- Opening Delimiter -
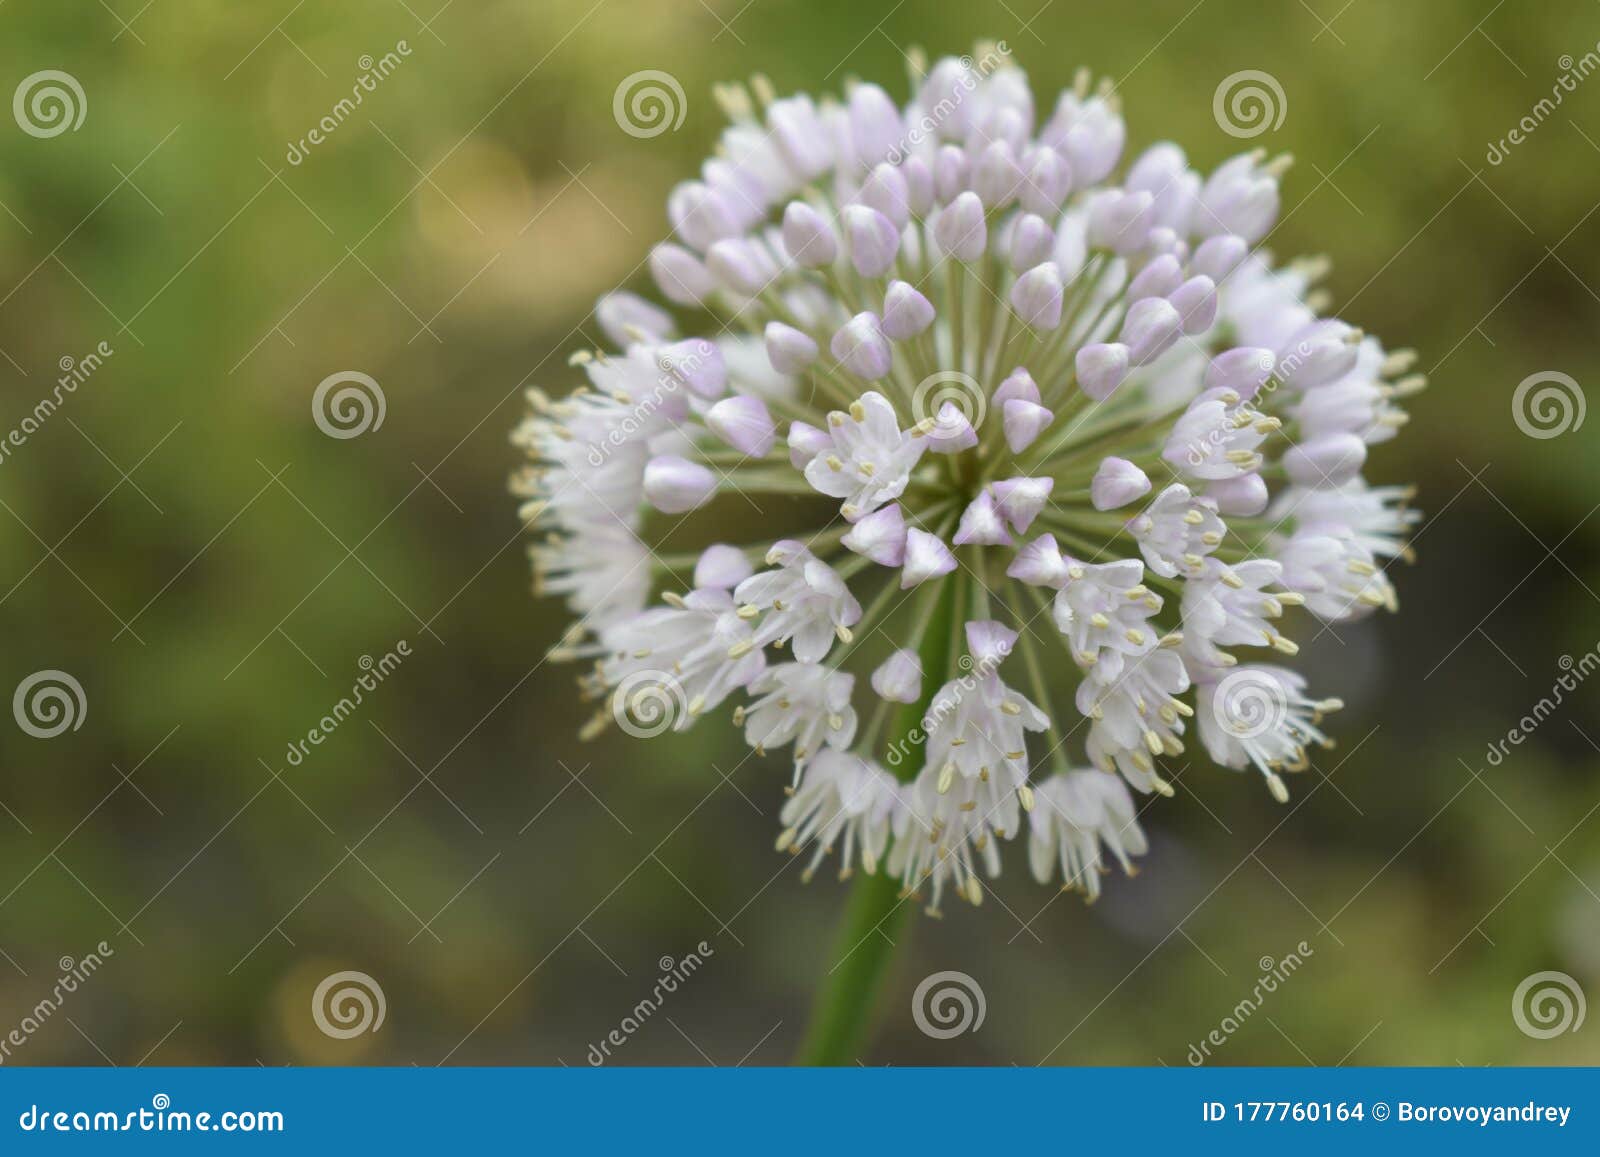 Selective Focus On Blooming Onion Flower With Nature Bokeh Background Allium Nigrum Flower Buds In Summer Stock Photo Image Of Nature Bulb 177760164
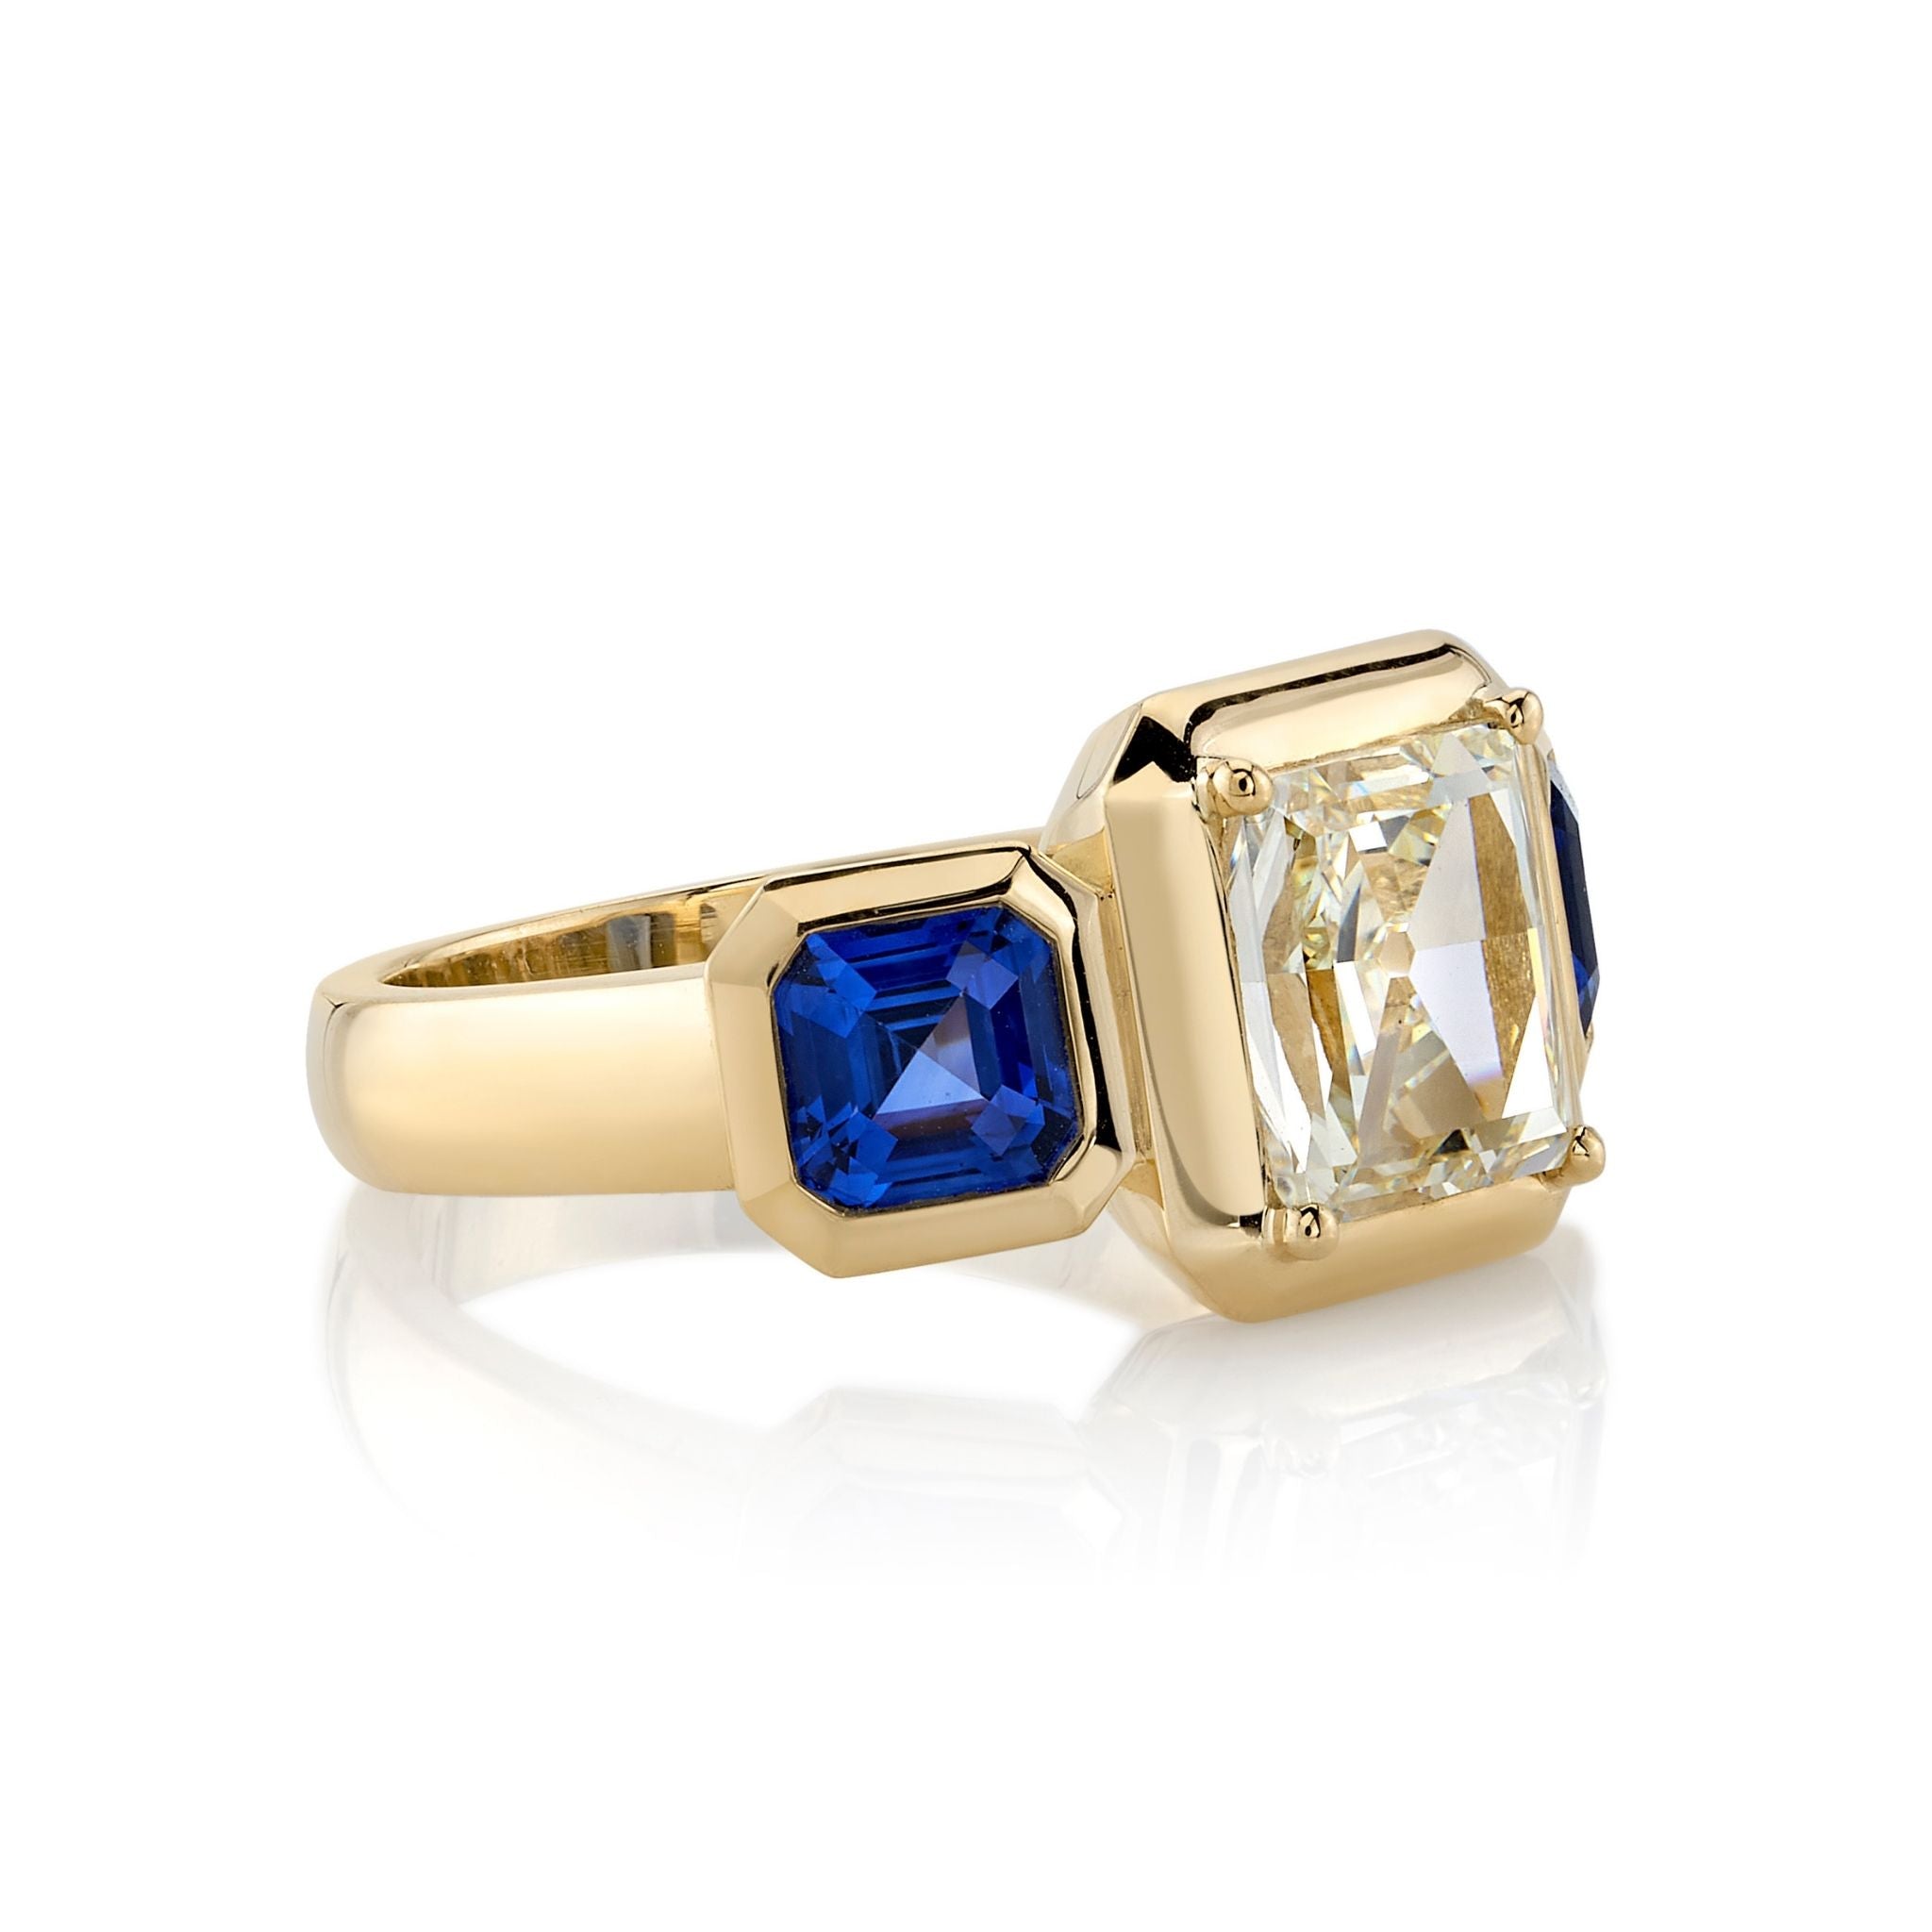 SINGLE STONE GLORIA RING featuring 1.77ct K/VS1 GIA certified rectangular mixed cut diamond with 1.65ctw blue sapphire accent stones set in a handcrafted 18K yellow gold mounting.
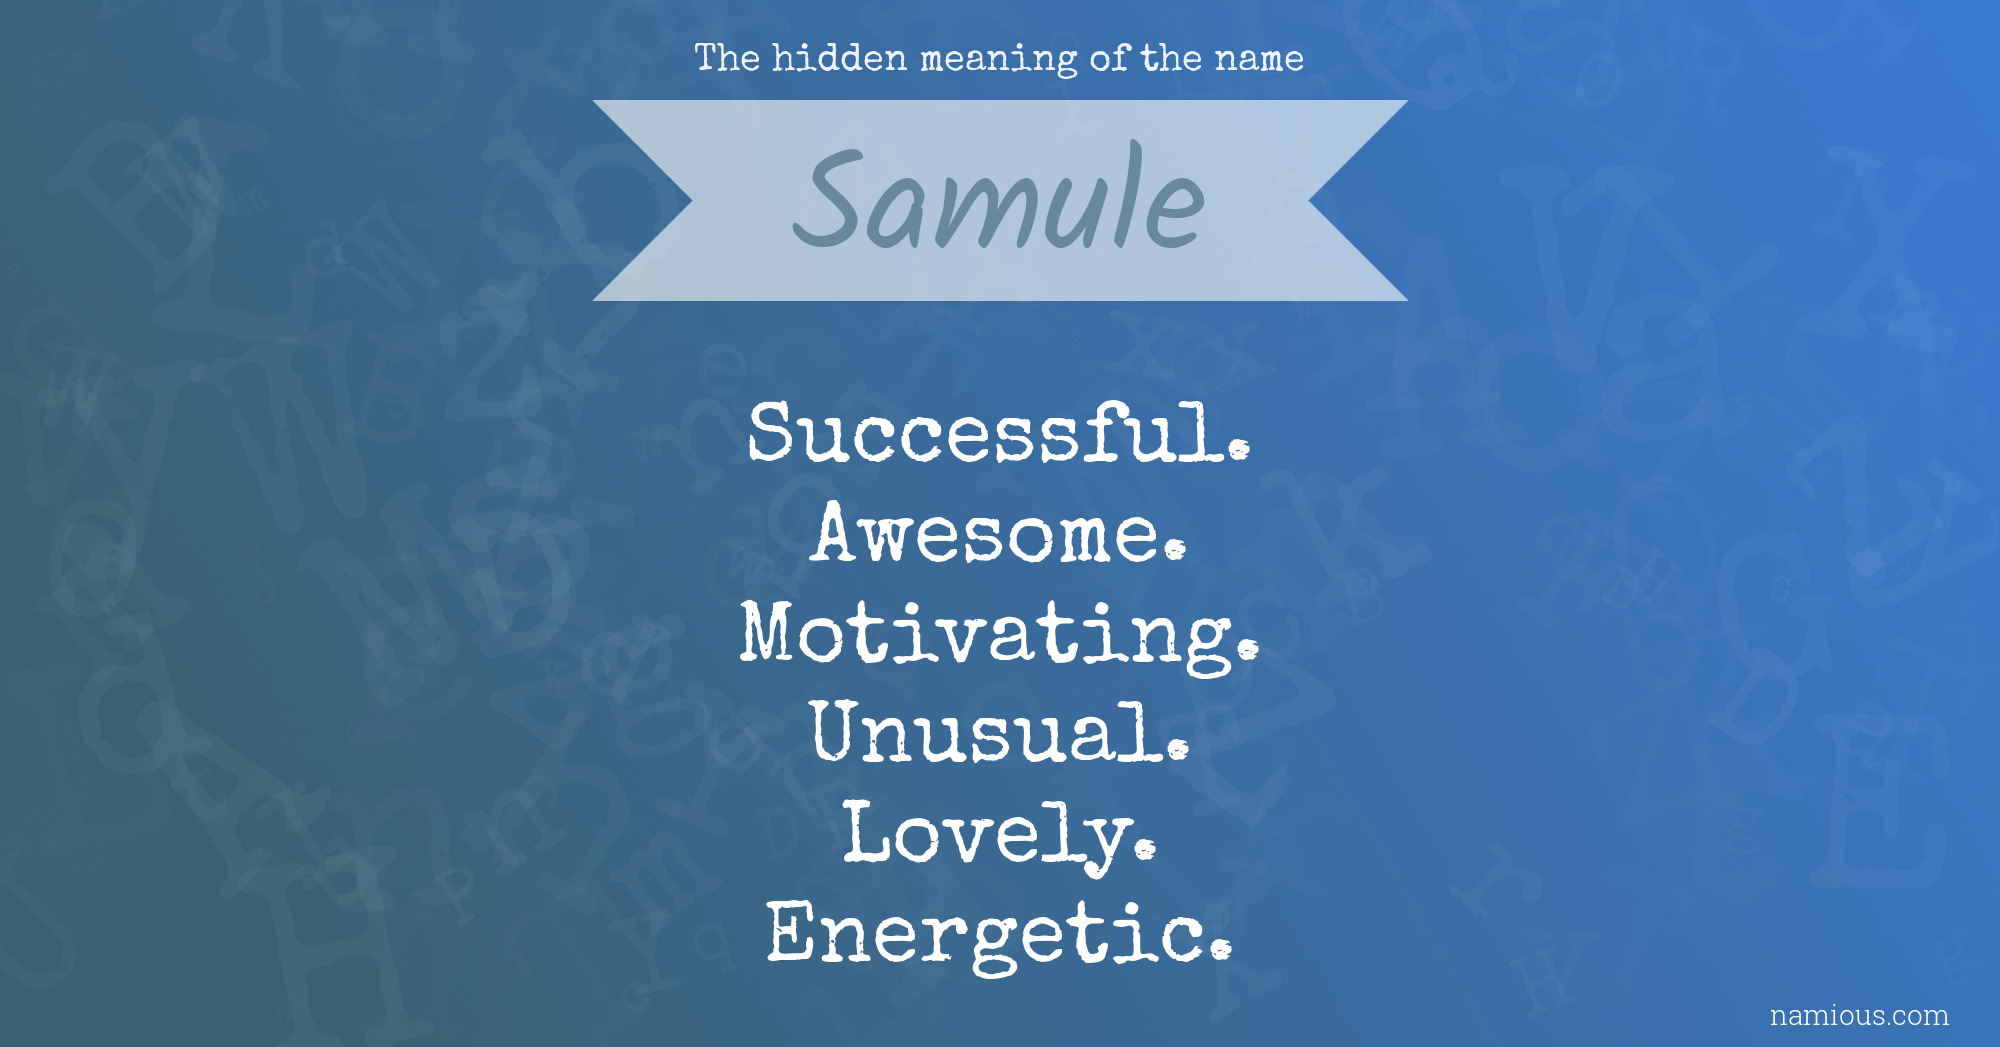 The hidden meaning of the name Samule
- Closing Delimiter -
— THE TASK —
Print the lines from the one that contains "SINGLE STONE GLORIA" through the last line of the data, exactly and in full, and no other lines. Pictures are not part of the copy.

— PROBLEM SOLUTION —
 SINGLE STONE GLORIA RING featuring 1.77ct K/VS1 GIA certified rectangular mixed cut diamond with 1.65ctw blue sapphire accent stones set in a handcrafted 18K yellow gold mounting.
 The hidden meaning of the name Samule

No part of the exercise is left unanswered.